Молодой человек приносит пухлую книгу, отпечатанную на сероватой бумаге военного времени. Это только первый том. Он создан коллективом молодежи, куда входит и он, литератор, научный сотрудник по собиранию фольклора народности мыонг.

Молодой человек говорит, и лицо его все больше одухотворяется. Влюбленность в народную лирику облагораживает его черты. С волнением и в то же время с научной обстоятельностью, даже с педантичностью он перечисляет все виды обрядовых, лирических, героических песен, а также особенности местного языка.

Боюсь, что прежние иностранцы сочли, а будущие сочтут все это напрасным отклонением от маршрута, они ведь приехали посмотреть на героический Вьетнам. Они будут попивать зеленый ароматический чай, курить сигареты, снисходительно терпя увлеченность молодого фольклориста.

Но, может быть, самозабвенное изучение народных песен в такой момент и раскрывает одну из тайн неправдоподобной выносливости Вьетнама? Этот народ поднимается против грубой военной машины, вооружаясь красотой и нежностью всех времен, собирая силы всех предыдущих поколений.

Молодой человек исполняет песню, которая теряется даже в переводе с языка мыонг на вьетнамский. А я думаю, красота не теряется: из песни она переходит на его лицо, с его лица — на мое воспоминание об этом дне, от моего воспоминания — на страницу бумаги, со страницы, быть может, — к читателям.

Душа человека
В деревне.
Судьба человека
В темной земле.
Семена света
В душе человека.

В конце концов понимаю: затерявшаяся деревушка Тху-фаунг выплыла из джунглей и стала достопримечательностью благодаря одной могиле. К вечеру отправляемся туда. Закат запутался в ветвях одной пальмы. Полуголые ребятишки гурьбой сопровождают нас. Они бегут рядом и, забегая вперед, не сводят глаз с пришельцев и не глядят под ноги. Боятся прозевать хоть одно наше движение. Спотыкаются, плюхаются в болото и вскакивают нас догонять. Некоторые за спиной тащат еще меньших детей, трясут их, а те высовывают из-за плеча удивленные личики.

У многих могил я стояла с опущенной головой, но не слышала такого близкого дуновения смерти.

В кучу ржавого пепла воткнуто обгоревшее крыло самолета. Как сломанное весло на могиле моряка.

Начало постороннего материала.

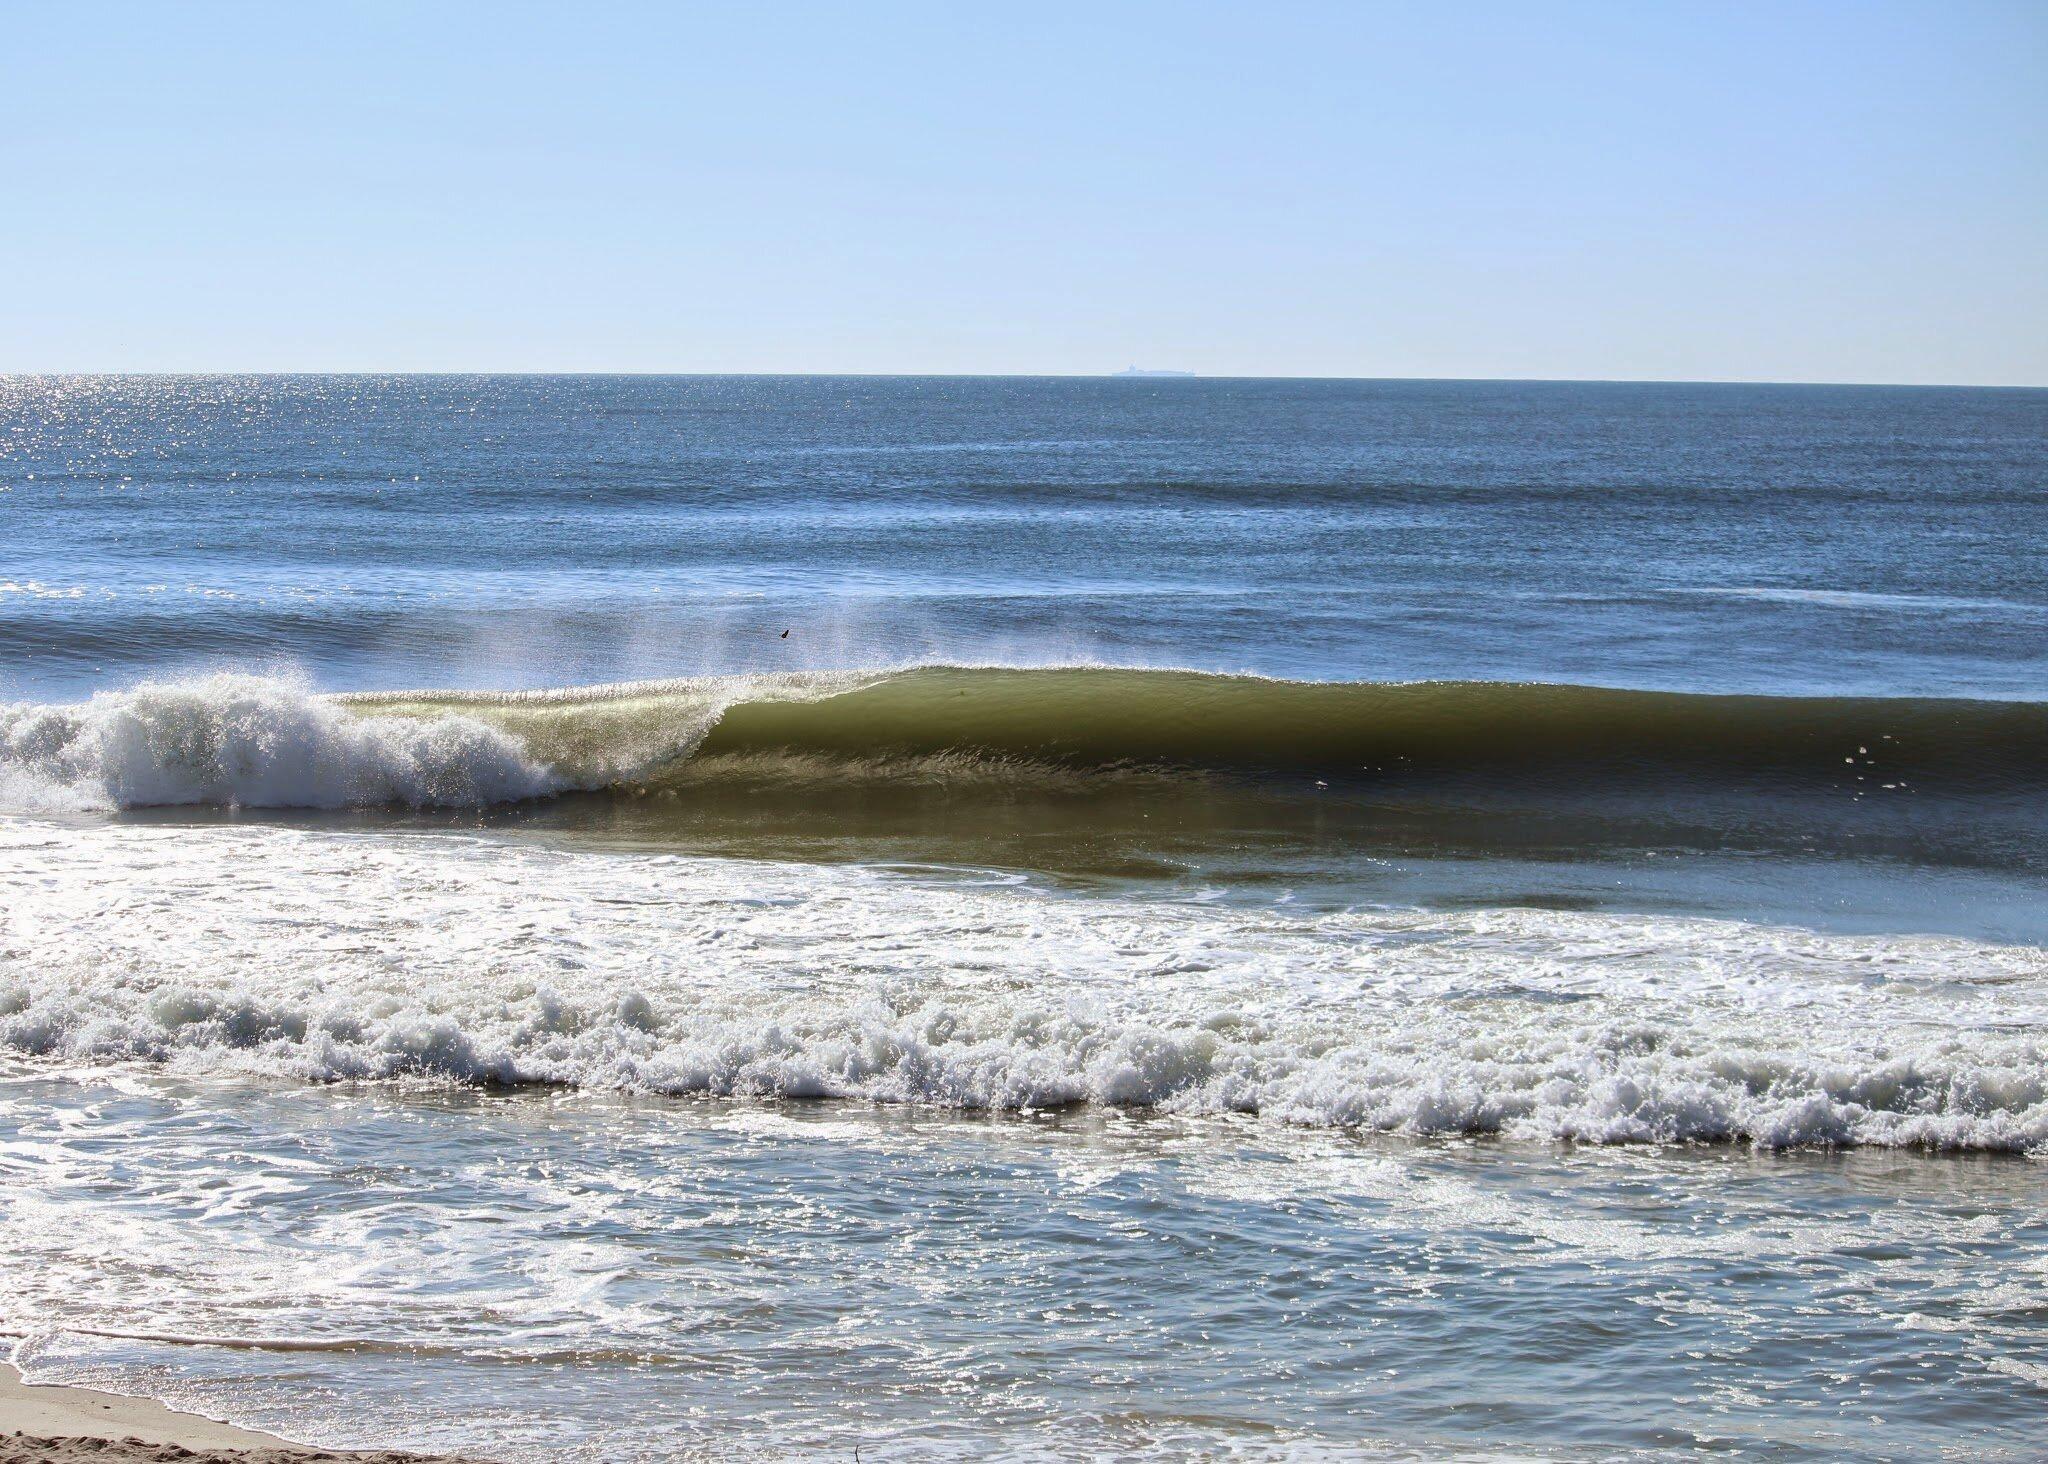 ocean wave with monarch.jpg

На крыле выбита надпись:

«Могила американского летчика,
сбитого ополчением деревни Тху-фаунг
20.7.1966».

Предполагается, что это сорокатрехлетний полковник Нильсон, ас американского воздушного флота. Одиннадцать раз проникал он в небо Северного Вьетнама и бомбил густонаселенные деревни. Что заставляло его виться над бедными деревушками в джунглях?

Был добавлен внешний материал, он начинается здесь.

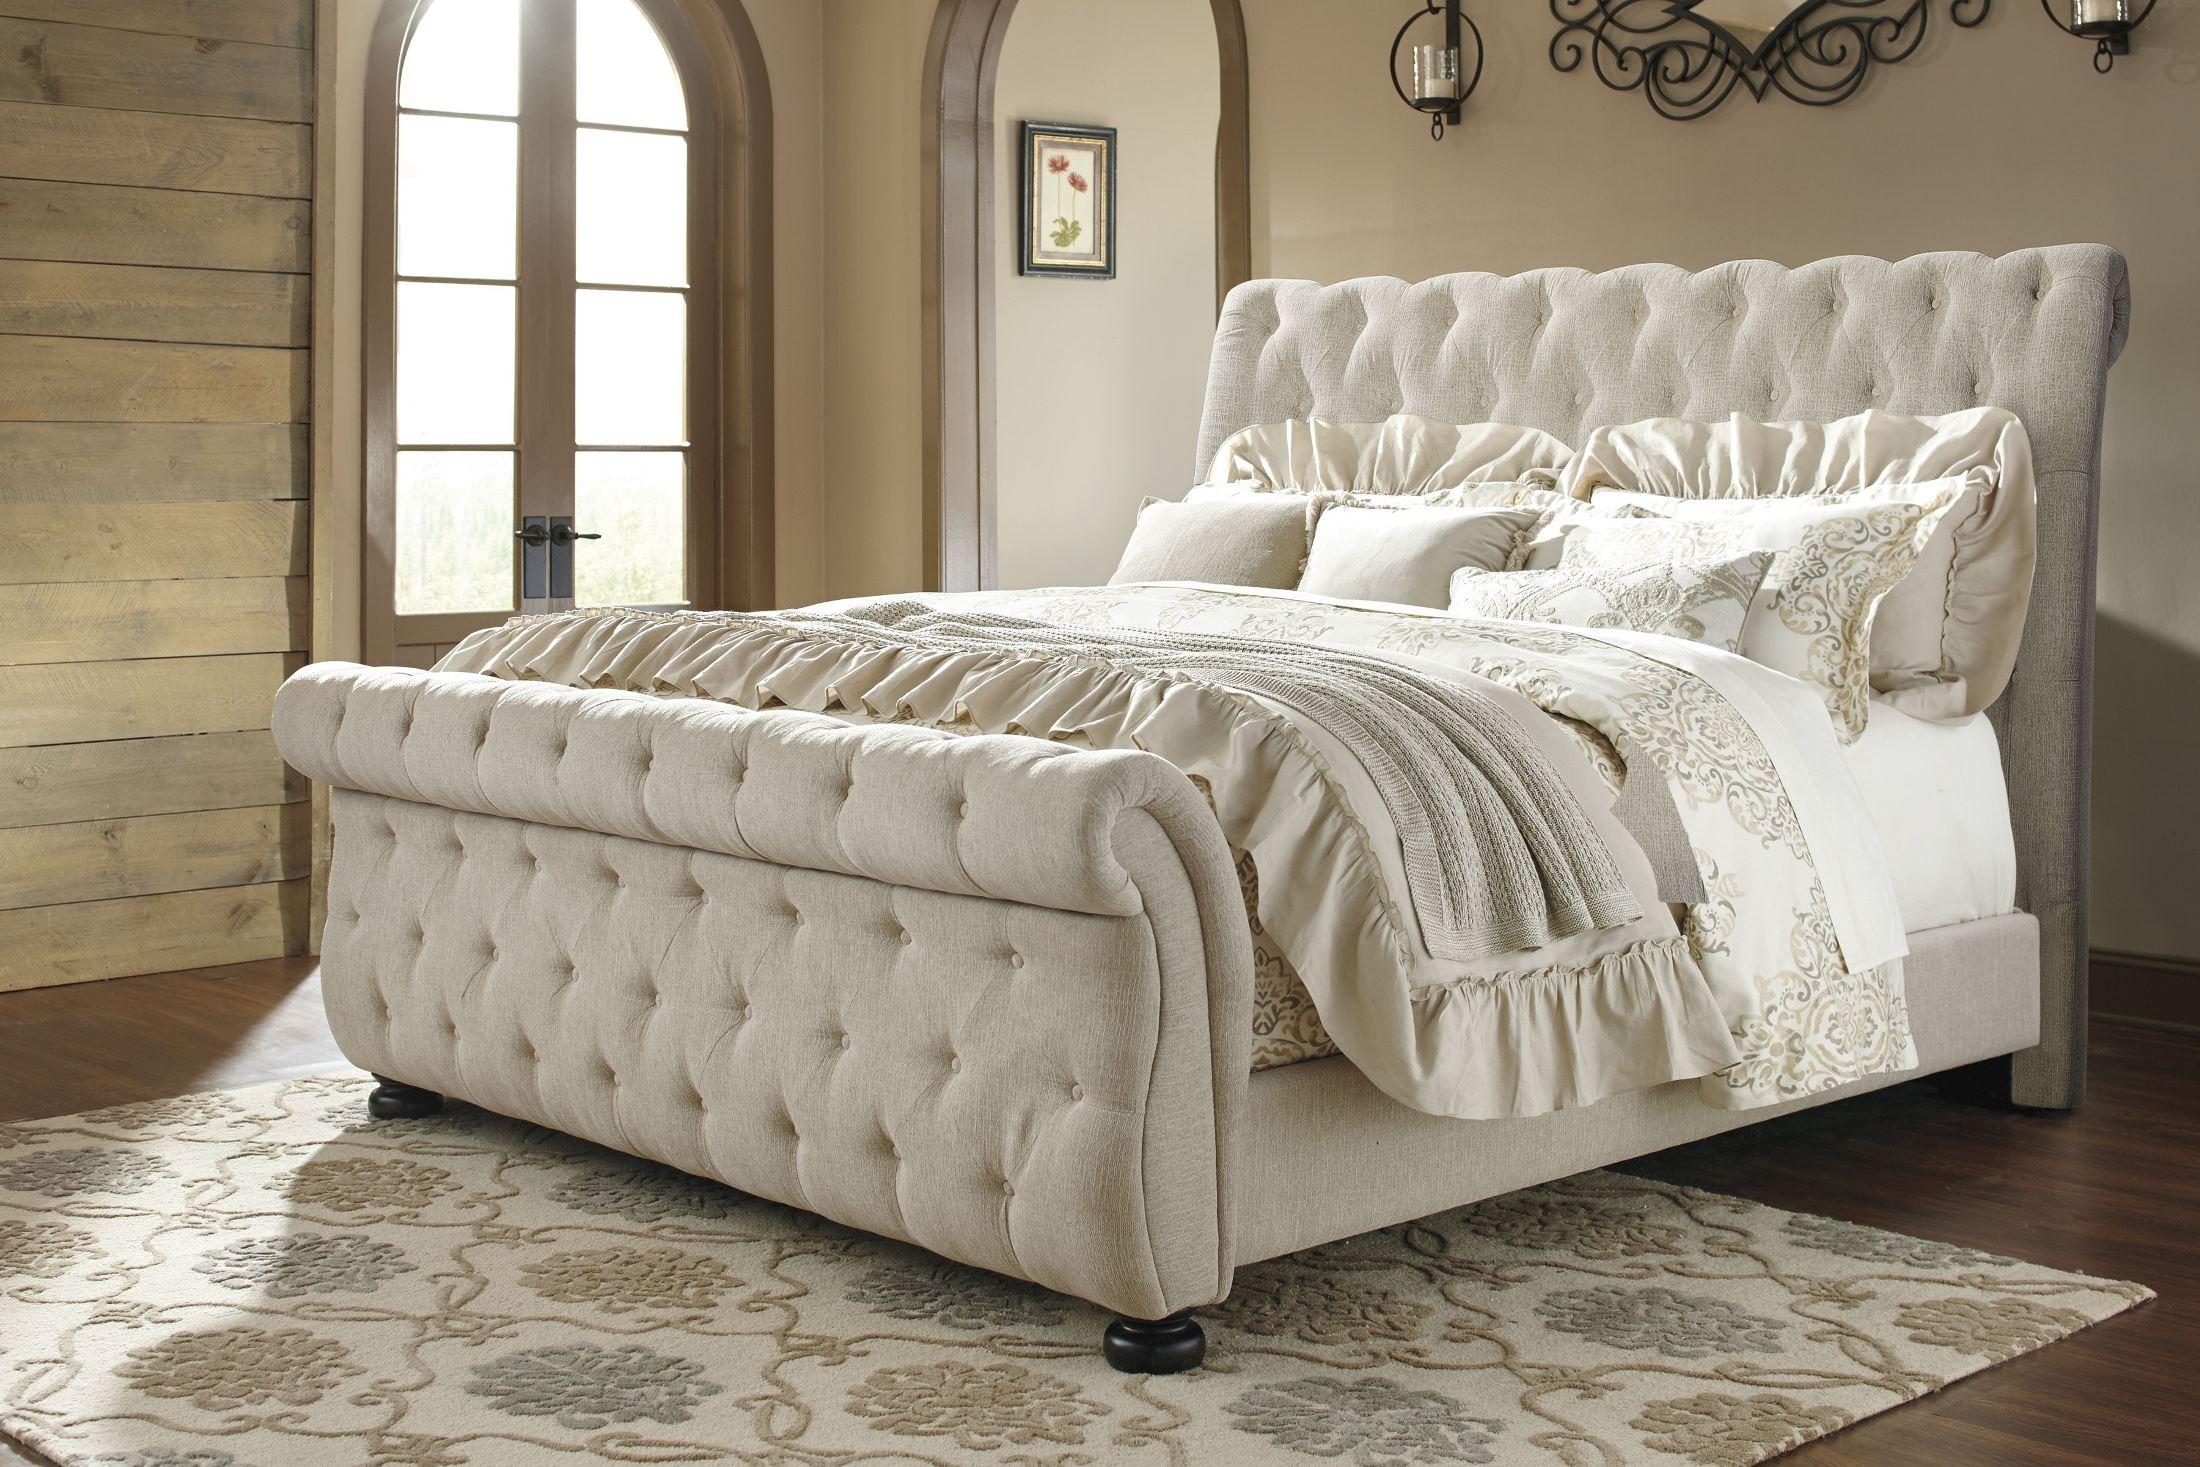 Willenburg Linen Queen Upholstered Sleigh Bed from Ashley

Летя на какое-то задание, он высмотрел своим ястребиным взглядом спрятанную в тени, полуразбитую на плохих дорогах машину. Верный правилу «обстреливай все, что движется», он отклонился от курса, пикировал, уничтожил машину с шофером вместе, но, к изумлению своему, увидел, что из полудиких кустарников и болот в его Ф-105 стреляют из ружей. Какая дерзость!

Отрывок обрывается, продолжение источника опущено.